Chabot also contends that the air district arbitrarily decided to exclude pollution generated from nearby freeways and roads when determining health impacts. On average, about 500,000 vehicles pass through the intersection of I-880 and Winton Road. On nearby Highway 92, it's about 214,000 vehicles a day. There's also heavy traffic on Hesperian Boulevard, which runs in front of Chabot College. However, the air district chose to just include a section of Highway 92 in its pollution modeling — even though both the county health department and the district itself already consider area residents to suffer from a disproportionate number of health problems due to air pollution.
Alexander Crockett, an air district attorney who is handling the appeal, noted in an interview that the district explained in court documents that it decided to exclude the freeway pollution because the law only requires it to account for sources closer to the power plant. He said tests showed pollution from the Nimitz dissipates to legally insignificant levels by the time it reaches the neighborhood adjacent to the proposed plant.
Crockett also said the district's testing showed that 7.5 pounds of particulate matter per hour was doable for the Calpine facility, which will use state-of-the art equipment. District modeling, he said, revealed that the plant can meet the 7.5-pound standard 95 percent of the time.
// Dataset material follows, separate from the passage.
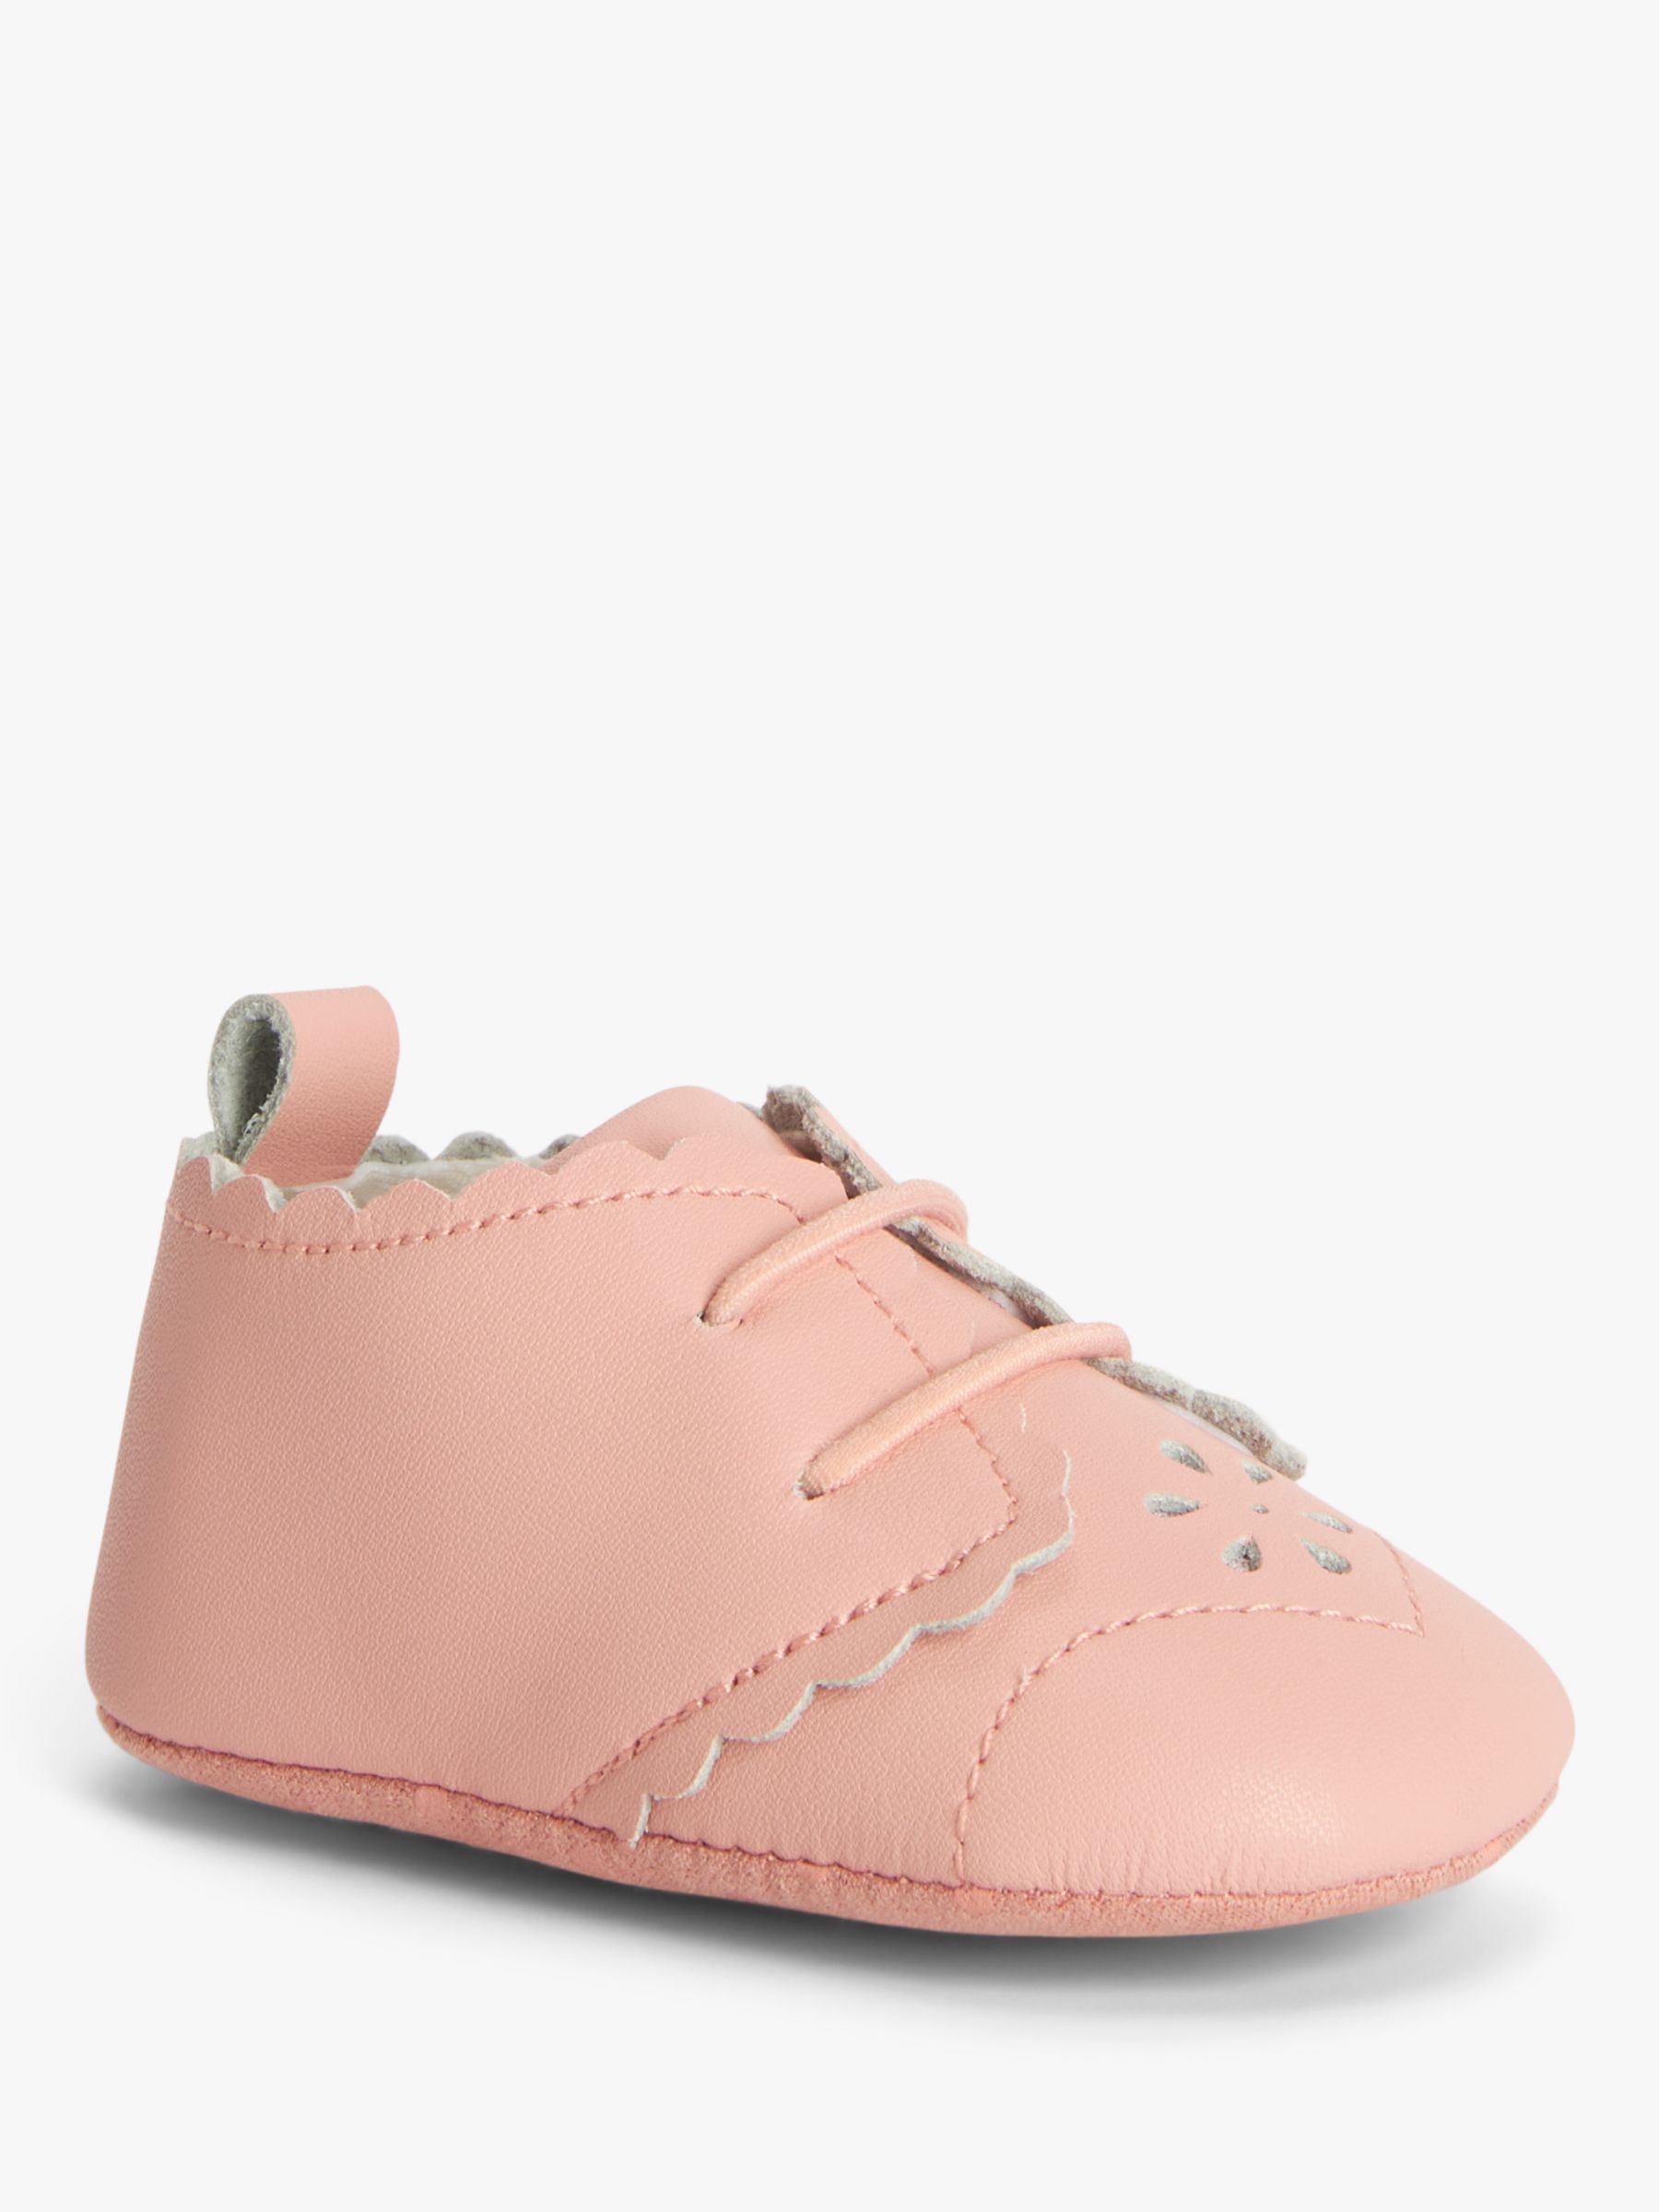 John Lewis Baby Cut-Out Floral Leather Pram Shoes, Pink, 6-12 months

In addition, he said the district will order independent monitoring of the facility to make sure it lives up to the cap. Crockett, however, acknowledged that the monitoring will only occur during a total of three hours each year during announced visits to the plant — a standard the college contends is inadequate.
As for Calpine, Senior Vice President John Ronan downplayed the significance of Siemens' refusal to guarantee that its equipment will meet the 7.5 pounds-per-hour standard. He said it's a legal-liability issue. Manufacturers are afraid they will be sued if they guarantee their equipment will live up to such strict standards but then fail to do so, he said. "We would not agree to that standard, and the air district would not issue a permit to us if it was not doable," he added.
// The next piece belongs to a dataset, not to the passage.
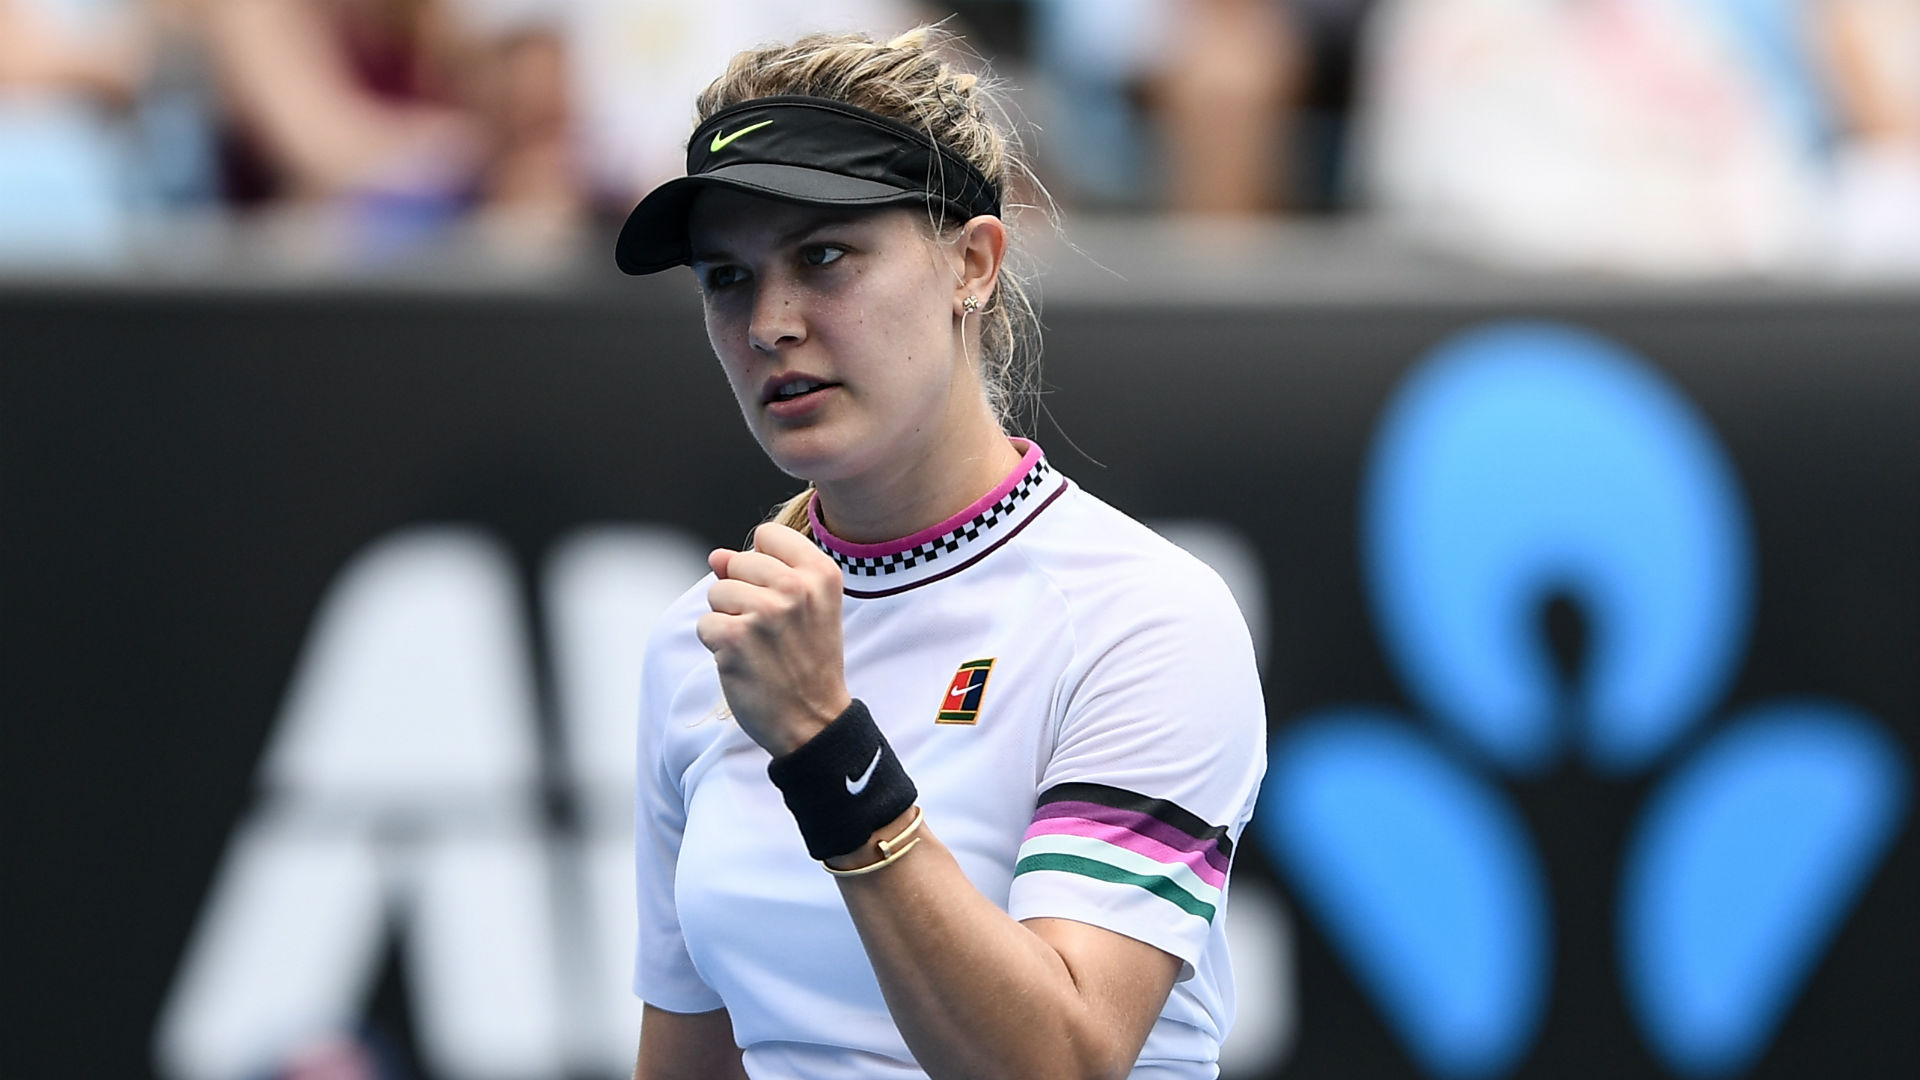 Eugenie Bouchard's reward for beating Peng Shuai is a second-round meeting with Serena Williams at the Australian Open, and she's excited.

There's no guarantee that Chabot's appeal will get anywhere with the EPA appeals board. Both Calpine and the air district argued that federal regulations don't require the district to conduct hourly testing prior to issuing Calpine's permit — thereby making the argument over the standard moot. In fact, both Calpine and the air district contend that Chabot's case should be dismissed on that issue.
What's left unsaid in the case is whether the plant is even necessary. Calpine proposed the plant during the 2001 California energy crisis when regulators were convinced that the state needed more plants. However, once the Enron scandal revealed that many of the energy shortages at the beginning of the last decade were bogus, the drive to build more fossil-fuel power plants lost steam.
In fact, PG&E, which is contracted to buy the energy produced in Hayward, doesn't need more natural-gas-fired-produced electricity. As previously reported by this newspaper, Pacific Gas and Electric Company already plans to build two more natural gas plants in Contra Costa County even though its renewable energy portfolio has diminished in recent years and the utility is nowhere close to meeting the state standard of 20 percent renewables in 2010 (see "PG&E Wants More Fossil Fuels," Eco Watch, 11/18/2009).
Moreover, the energy to be produced won't even benefit the East Bay. PG&E plans to ship it to San Francisco and San Mateo counties. But the utility will first have to spend huge sums upgrading its transmission lines that cross the bay to accommodate all the power generated by the giant new Hayward facility.